Task to complete: Here the job is to restate every entry word for word.

Data shown:
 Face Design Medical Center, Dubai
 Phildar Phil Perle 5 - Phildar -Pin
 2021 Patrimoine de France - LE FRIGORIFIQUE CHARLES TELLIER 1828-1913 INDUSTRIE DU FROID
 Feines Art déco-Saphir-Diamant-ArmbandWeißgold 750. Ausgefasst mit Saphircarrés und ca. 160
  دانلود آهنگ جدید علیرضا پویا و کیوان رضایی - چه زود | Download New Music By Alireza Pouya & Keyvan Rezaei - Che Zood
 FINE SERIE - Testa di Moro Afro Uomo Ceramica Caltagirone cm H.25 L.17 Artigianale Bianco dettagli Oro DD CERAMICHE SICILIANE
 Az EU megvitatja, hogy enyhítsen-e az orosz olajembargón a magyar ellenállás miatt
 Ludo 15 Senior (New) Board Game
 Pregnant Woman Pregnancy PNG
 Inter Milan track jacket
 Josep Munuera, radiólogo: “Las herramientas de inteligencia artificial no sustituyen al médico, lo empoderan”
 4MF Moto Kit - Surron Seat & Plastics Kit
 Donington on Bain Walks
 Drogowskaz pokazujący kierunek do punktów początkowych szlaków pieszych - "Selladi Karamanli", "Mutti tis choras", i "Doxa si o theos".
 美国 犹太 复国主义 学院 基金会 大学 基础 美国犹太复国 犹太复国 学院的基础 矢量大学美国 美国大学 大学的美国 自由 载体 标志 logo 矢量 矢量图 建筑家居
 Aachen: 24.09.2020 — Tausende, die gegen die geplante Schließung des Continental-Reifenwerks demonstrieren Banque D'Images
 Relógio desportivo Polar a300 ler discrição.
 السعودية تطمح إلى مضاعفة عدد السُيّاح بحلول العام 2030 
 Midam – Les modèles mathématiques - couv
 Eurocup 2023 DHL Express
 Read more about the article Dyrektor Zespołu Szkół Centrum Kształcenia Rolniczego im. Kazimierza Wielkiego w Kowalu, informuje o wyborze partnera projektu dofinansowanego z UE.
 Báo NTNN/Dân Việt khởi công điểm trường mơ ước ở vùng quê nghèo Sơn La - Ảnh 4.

Result of this exercise:
 Face Design Medical Center, Dubai
 Phildar Phil Perle 5 - Phildar -Pin
 2021 Patrimoine de France - LE FRIGORIFIQUE CHARLES TELLIER 1828-1913 INDUSTRIE DU FROID
 Feines Art déco-Saphir-Diamant-ArmbandWeißgold 750. Ausgefasst mit Saphircarrés und ca. 160
  دانلود آهنگ جدید علیرضا پویا و کیوان رضایی - چه زود | Download New Music By Alireza Pouya & Keyvan Rezaei - Che Zood
 FINE SERIE - Testa di Moro Afro Uomo Ceramica Caltagirone cm H.25 L.17 Artigianale Bianco dettagli Oro DD CERAMICHE SICILIANE
 Az EU megvitatja, hogy enyhítsen-e az orosz olajembargón a magyar ellenállás miatt
 Ludo 15 Senior (New) Board Game
 Pregnant Woman Pregnancy PNG
 Inter Milan track jacket
 Josep Munuera, radiólogo: “Las herramientas de inteligencia artificial no sustituyen al médico, lo empoderan”
 4MF Moto Kit - Surron Seat & Plastics Kit
 Donington on Bain Walks
 Drogowskaz pokazujący kierunek do punktów początkowych szlaków pieszych - "Selladi Karamanli", "Mutti tis choras", i "Doxa si o theos".
 美国 犹太 复国主义 学院 基金会 大学 基础 美国犹太复国 犹太复国 学院的基础 矢量大学美国 美国大学 大学的美国 自由 载体 标志 logo 矢量 矢量图 建筑家居
 Aachen: 24.09.2020 — Tausende, die gegen die geplante Schließung des Continental-Reifenwerks demonstrieren Banque D'Images
 Relógio desportivo Polar a300 ler discrição.
 السعودية تطمح إلى مضاعفة عدد السُيّاح بحلول العام 2030 
 Midam – Les modèles mathématiques - couv
 Eurocup 2023 DHL Express
 Read more about the article Dyrektor Zespołu Szkół Centrum Kształcenia Rolniczego im. Kazimierza Wielkiego w Kowalu, informuje o wyborze partnera projektu dofinansowanego z UE.
 Báo NTNN/Dân Việt khởi công điểm trường mơ ước ở vùng quê nghèo Sơn La - Ảnh 4.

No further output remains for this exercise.